An online interface to our approach can be found at http://www.MatrixCalculus.org.
Sören Laue
Apr. 16, 3:00 pm Harnessing second order optimizers from deep learning frameworks
-Recording, slides, GitHub, PyPI, Read the Docs
Have you ever wanted to use a second order optimizer on code written in TensorFlow or PyTorch? What about optimizing a dictionary of tensors using SciPy minimize? If so, a lot of troublesome glue code was probably needed. For another way, look no further than the dict-minimize package, which takes care of everything and lets users easily optimize objectives implemented in TensorFlow, PyTorch, or JAX.
Ryan Turner
Apr. 22, 1:30 pm Factor Graph Grammars for Probabilistic Modeling
-Recording, slides, fggs / HRG survey, Graph & AMR parsing, MT
Probabilistic graphical models (PGMs) are a powerful method for specifying probability distributions. However, they are unable to represent some of the most popular models used in NLP, such as HMMs and PCFGs (since PGMs assume a fixed number of random variables, while HMMs and PCFGs can generate sentences of arbitrary length). In this talk, I will present factor graph grammars (FGGs), an extension of PGMs that is able to capture these models and many others. A FGG is a type of grammar, called a hyperedge replacement graph grammar, which generates a (possibly infinite) set of factor graphs. Conveniently, inference can be done over the FGG without enumerating all the factor graphs in the set. For finite variable domains (but possibly infinite sets of graphs), a generalization of variable elimination to FGGs allows exact and tractable inference in many situations. This talk will introduce the FGG formalism and present that inference algorithm.
Darcey Riley
Torsten Scholak

If you would like to sign up to present or wish to receive updates from the mailing list, please reach out to the organizer via the following address: breandan dot considine at mail dot mcgill dot ca.

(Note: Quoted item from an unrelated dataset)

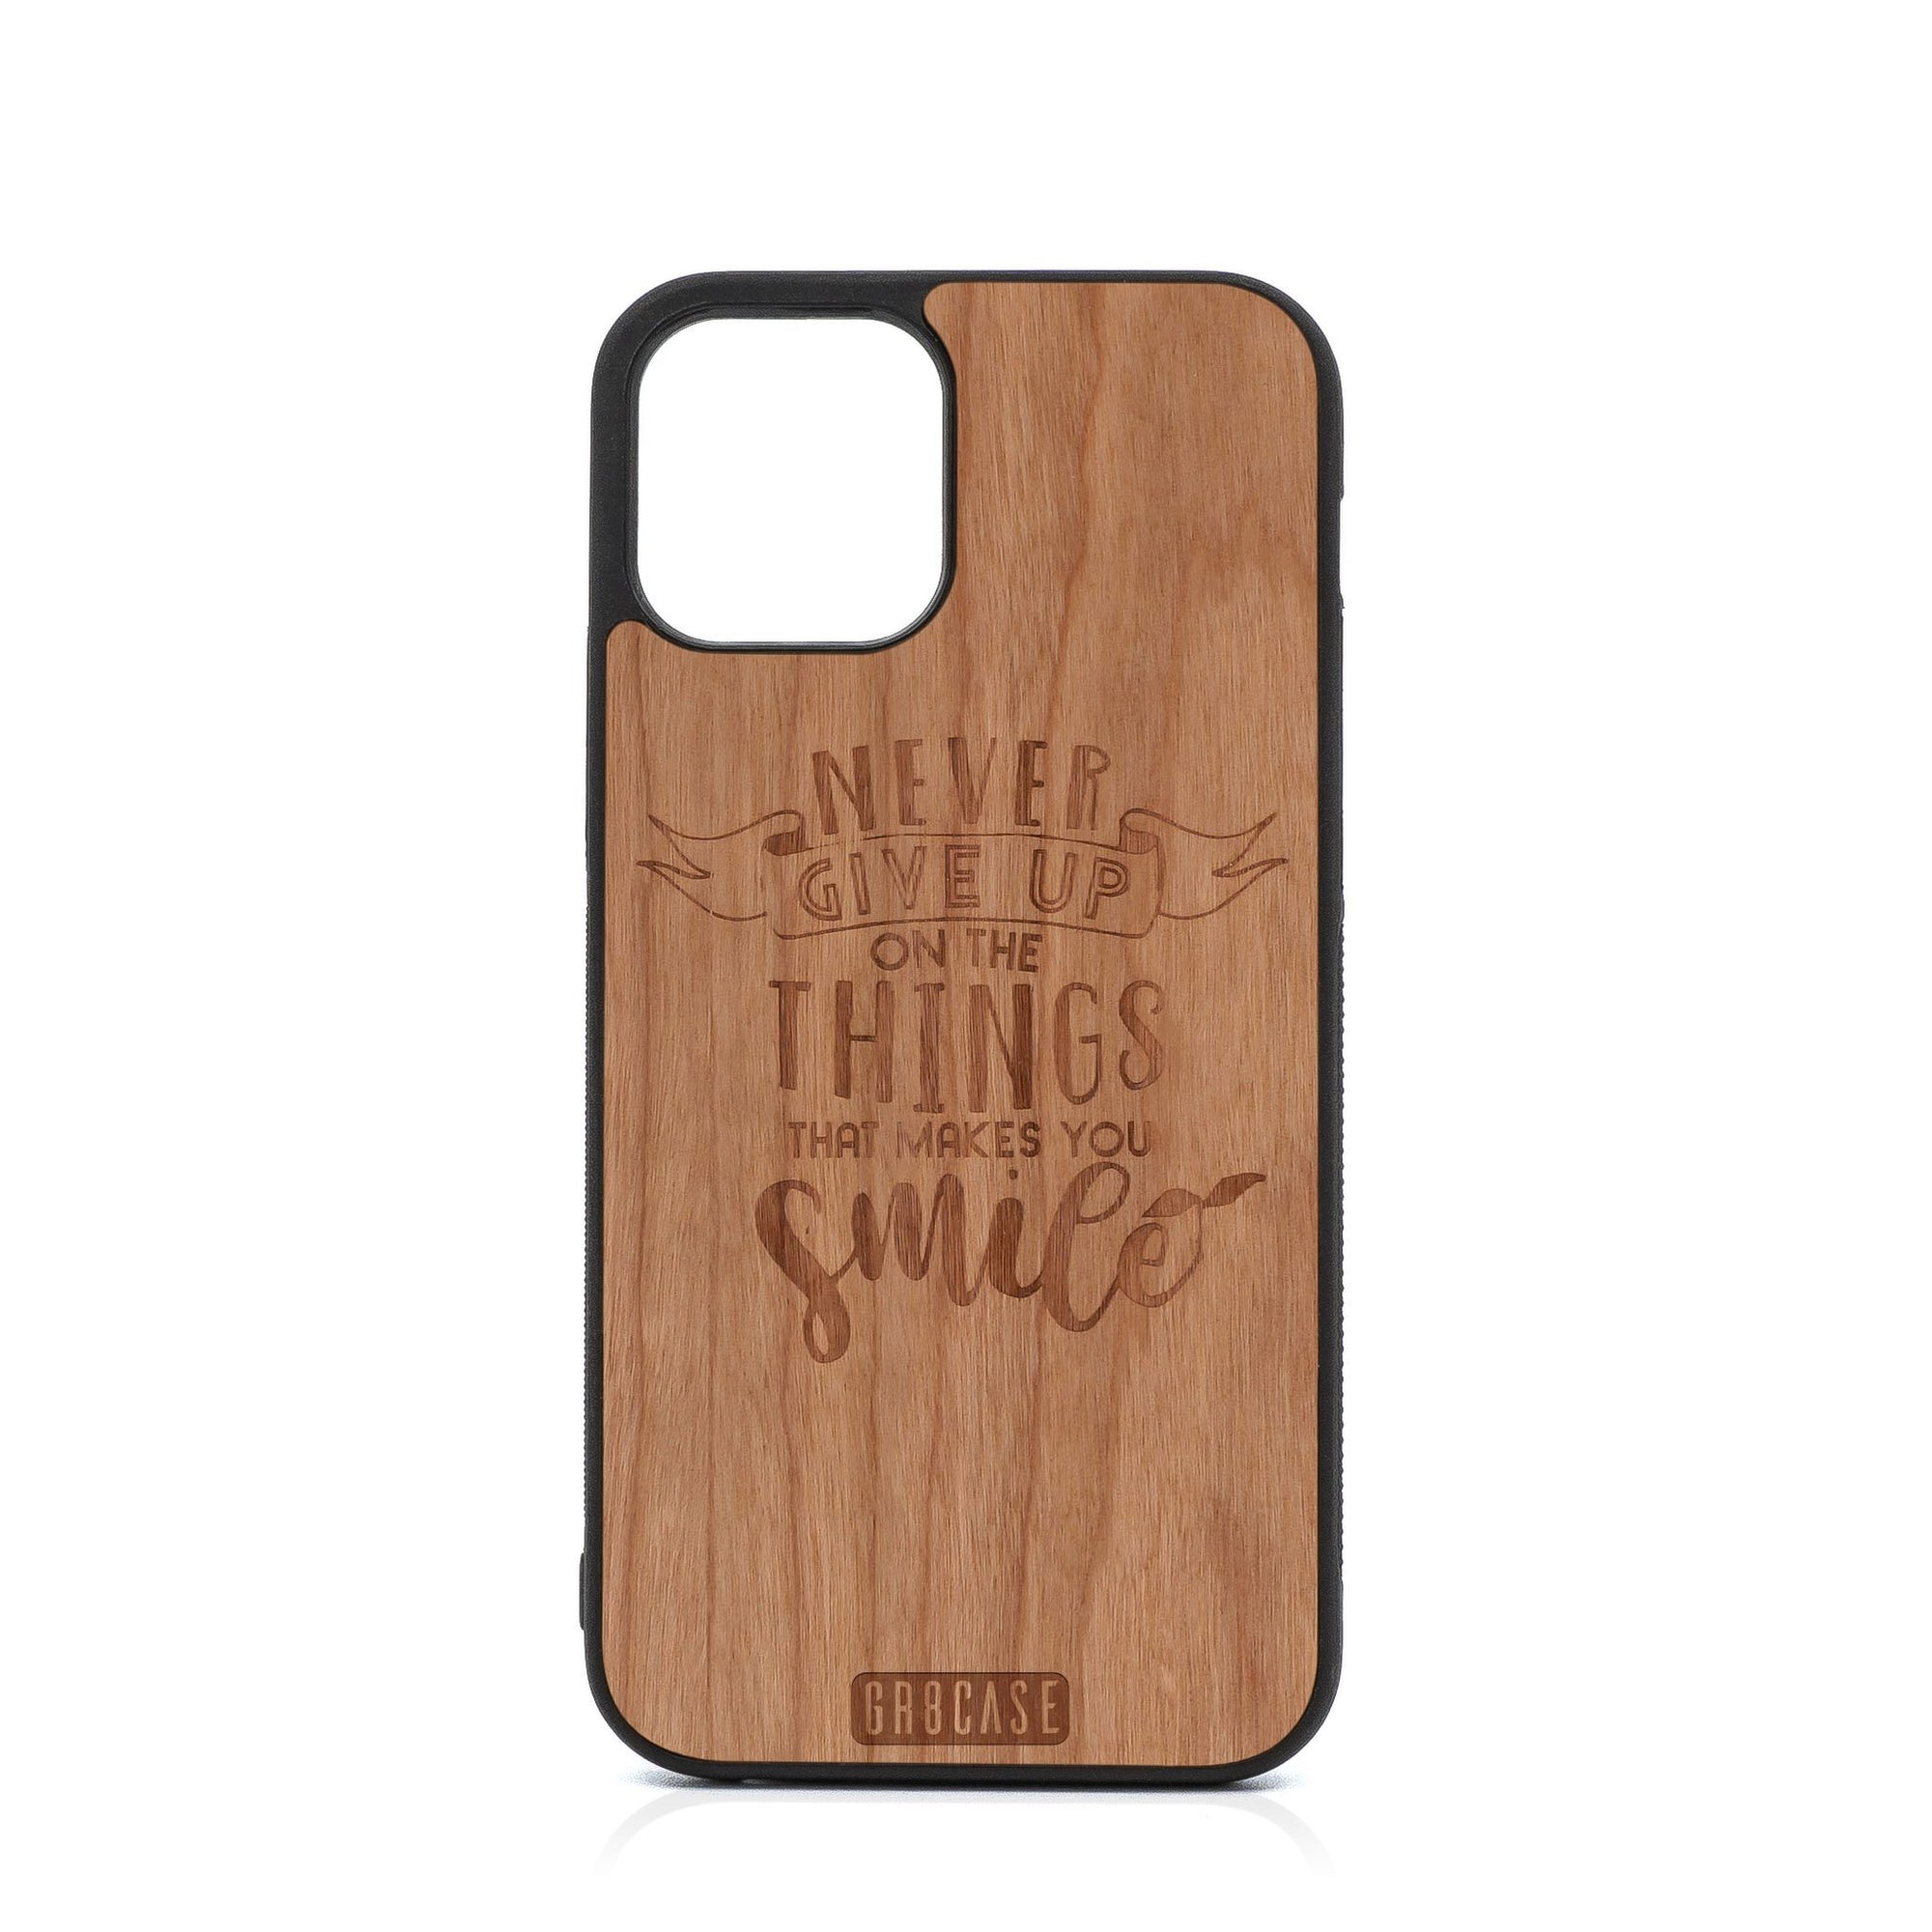 Never Give Up On The Things That Makes You Smile Design Wood Case For iPhone 12

A few recent papers on differential, integral and logical calculi are listed for illustrative purposes below, following the general theme of topics we plan to discuss. Other suggested reading materials are also welcome!

### Differential

Differentiable programming concerns the calculus of infinitesimal change and change propagation through a computation graph. This subject is the original and primary focus of this reading group.

### Integral

We will also discuss some topics in automatic integration or probabilistic programming, i.e. the study of volume, density and how to derive their exact or approximate quantity.

### Logical

Finally, we plan to discuss some related topics in other logical calculi, including combinatory logic, sequent calculus and other formal systems. This material will be primarily introductory and no prior experience is expected or required.